Personal information
- Born: December 16, 1892 County Meath, Ireland
- Died: February 1, 1977 (aged 84) Winchester, Connecticut, U.S.
- Listed height: 6 ft 1 in (1.85 m)
- Listed weight: 205 lb (93 kg)

Career information
- High school: Bernardsville (NJ) Bernards
- College: Cornell, Rutgers

Career history

Playing
- Massillon Tigers (1917, 1919); Akron Pros (1920); Buffalo All-Americans (1920–1923); Rochester Jeffersons (1924); New York Giants (1925);

Coaching
- Massillon Tigers (1917, 1919);

Awards and highlights
- NFL champion (1920); First-team All-Pro (1921); Third-team All-Pro (1920); Second-team All-American (1914); Rutgers University Hall of Fame;

Career statistics
- Games played: 33
- Games started: 31
- Touchdowns scored: 1
- Stats at Pro Football Reference

= Bob Nash (American football) =

American football player (1892–1977)

Robert Arthur “Nasty” Nash (December 16, 1892 - February 1, 1977) was an Irish-American professional football player who played in the American Professional Football Association (APFA) for the Akron Pros, Buffalo All-Americans, Rochester Jeffersons and New York Giants. Prior to joining the AFPA, Nash played in the "Ohio League" for the Massillon Tigers. He was considered by sports historians as one of the greatest tackles of his era.

Nash was born in Ireland and raised in Bernardsville, New Jersey, where he played high school football at Bernards High School.
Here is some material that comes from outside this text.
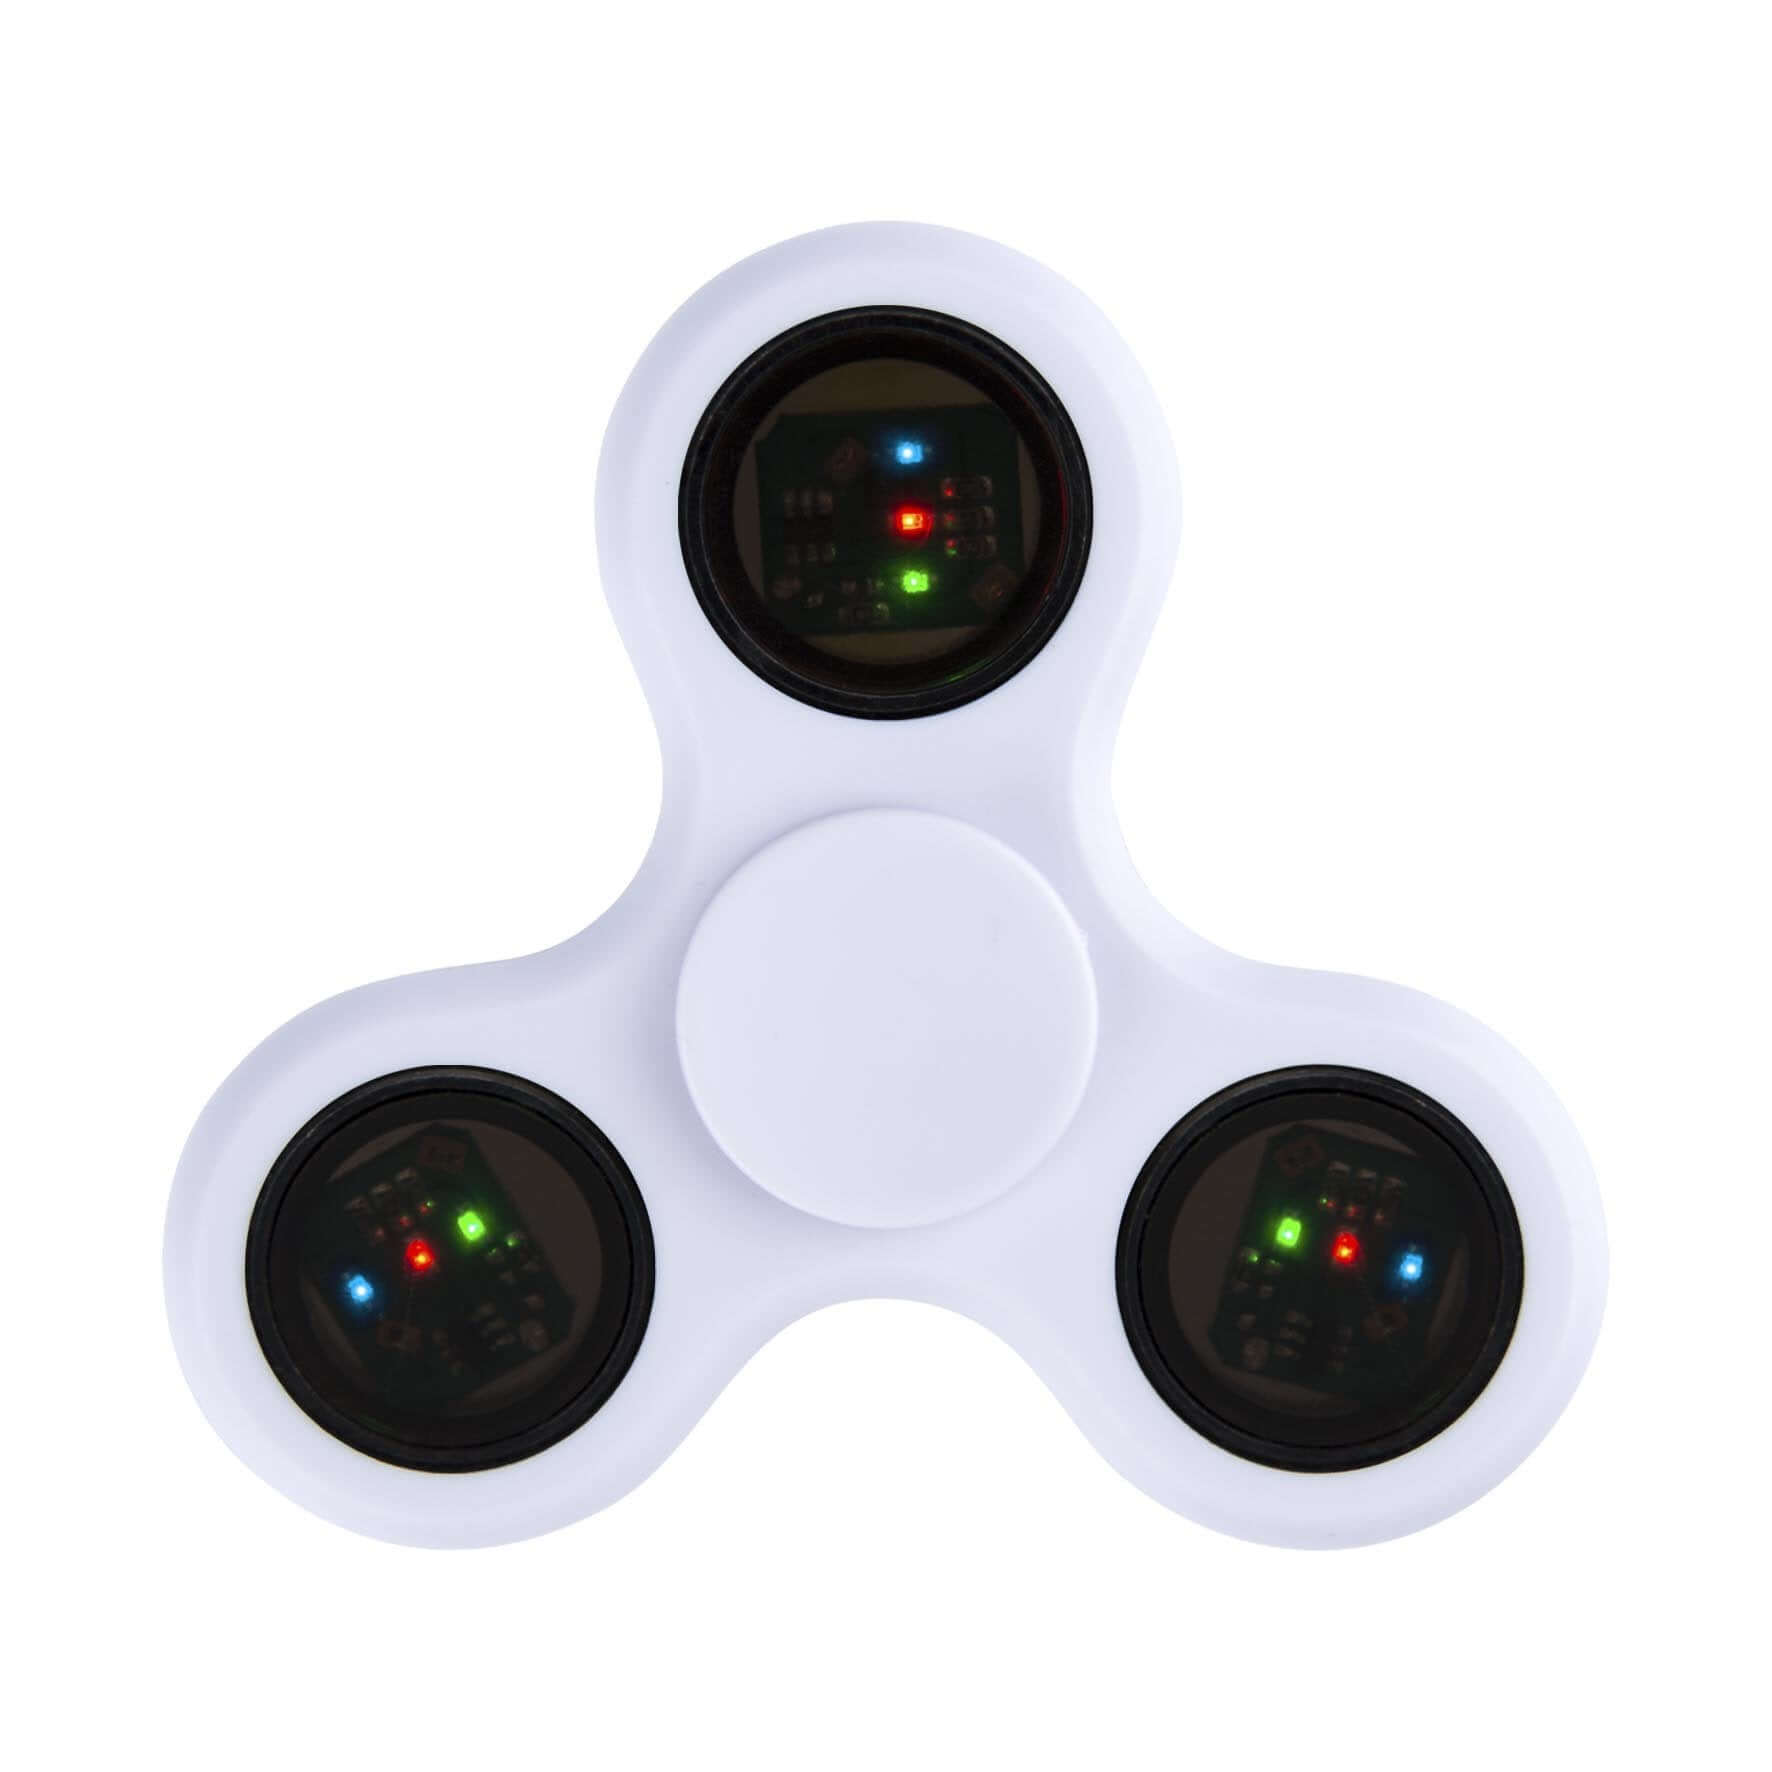 Get Light-Up Fidget Spinners (LED) at Fidget Cube Antsy Labs

Prior to playing professional football, Nash played college football at Cornell University and at Rutgers, where he received All-American honors in 1914. He was inducted into the Rutgers Hall of Fame in 1988.

==Professional career==
On Sunday, October 10, 1920, Nash is credited with the first fumble recovery for a touchdown in a game featuring two league teams.

On Sunday, October 24, 1920, Nash picked up a blocked punt in the first quarter and ran eight yards for the only score of the day as the Pros defeated the Cleveland Tigers, 7–0.
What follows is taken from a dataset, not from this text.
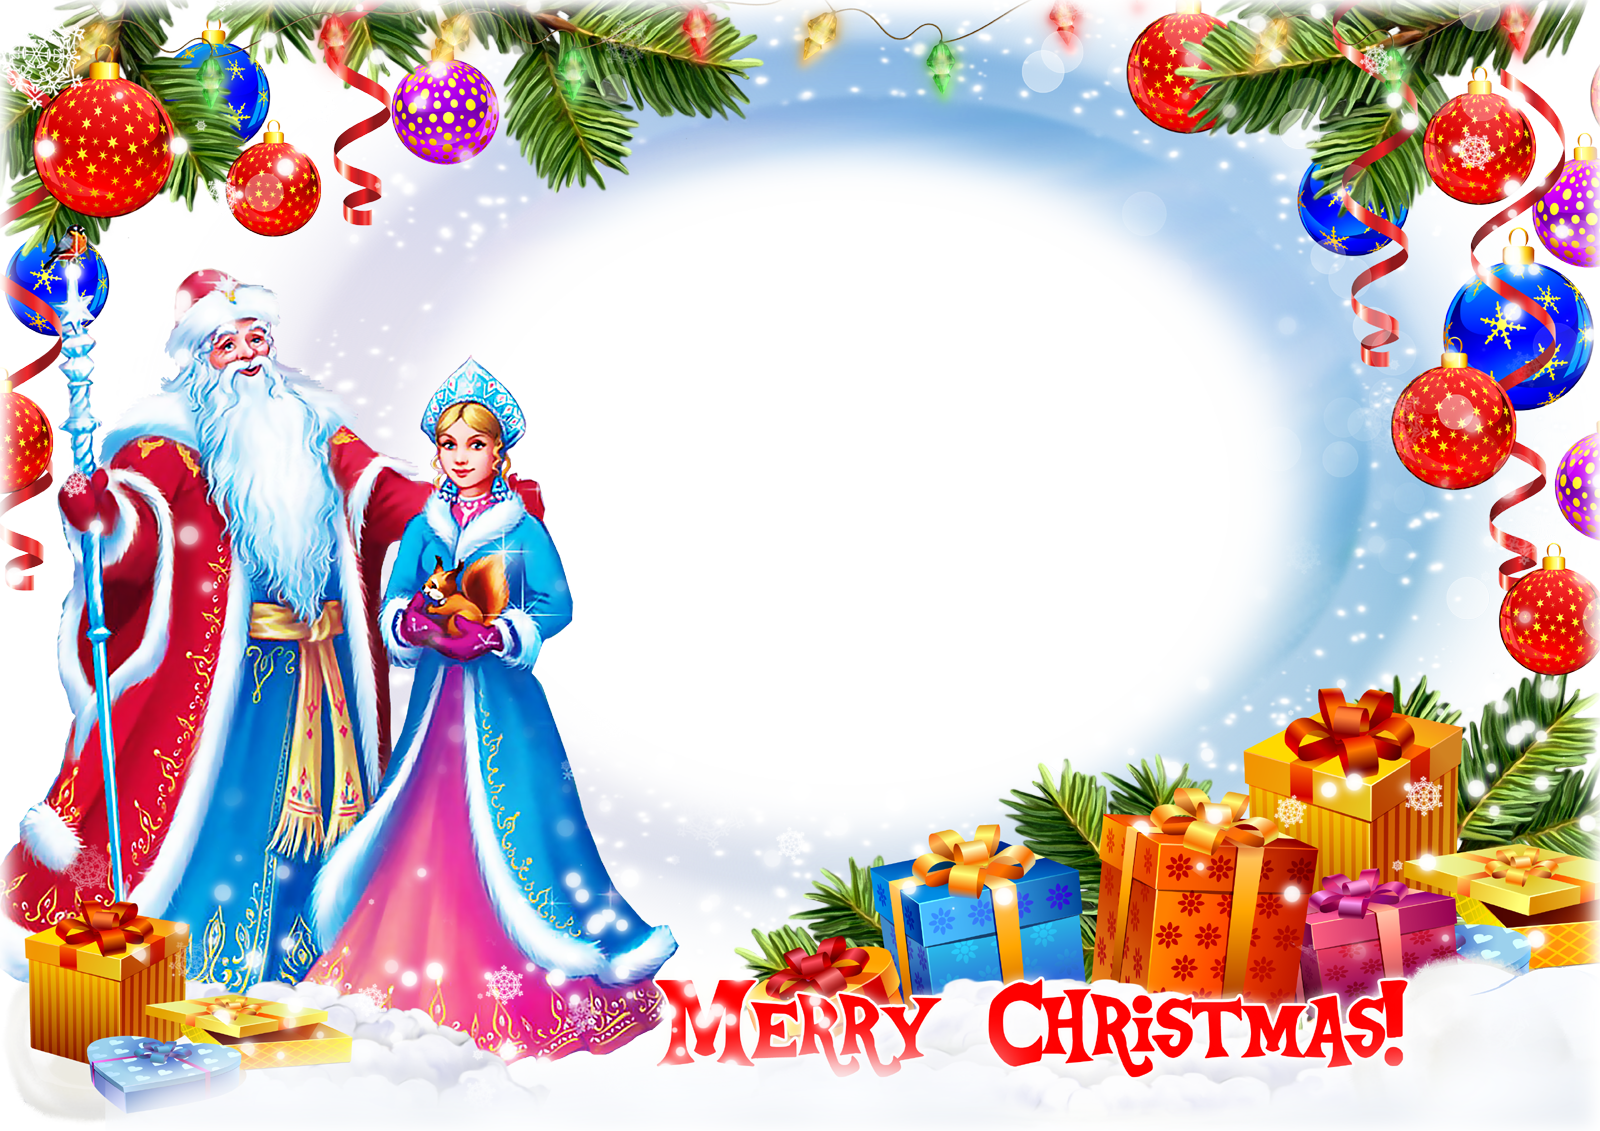 Merry christmas frame png. Free frames images with

On Sunday, October 31, 1920, according to Ike Roy Martin; on a punt return Jim Thorpe had instructed Martin to let Nash get by him. Thorpe had wanted to run into Nash, which he did. The collision resulted in them both being knocked out and they were carried off the field.

Nash was also a part of the first APFA player deal, in 1920, when Akron sold Nash to Buffalo for $300 and five percent of the gate receipts during a game between the two clubs. However, since Nash was a part of the Akron Pros during their championship season, he is credited as belonging on their championship team. Nash was also the very first captain of the New York Giants.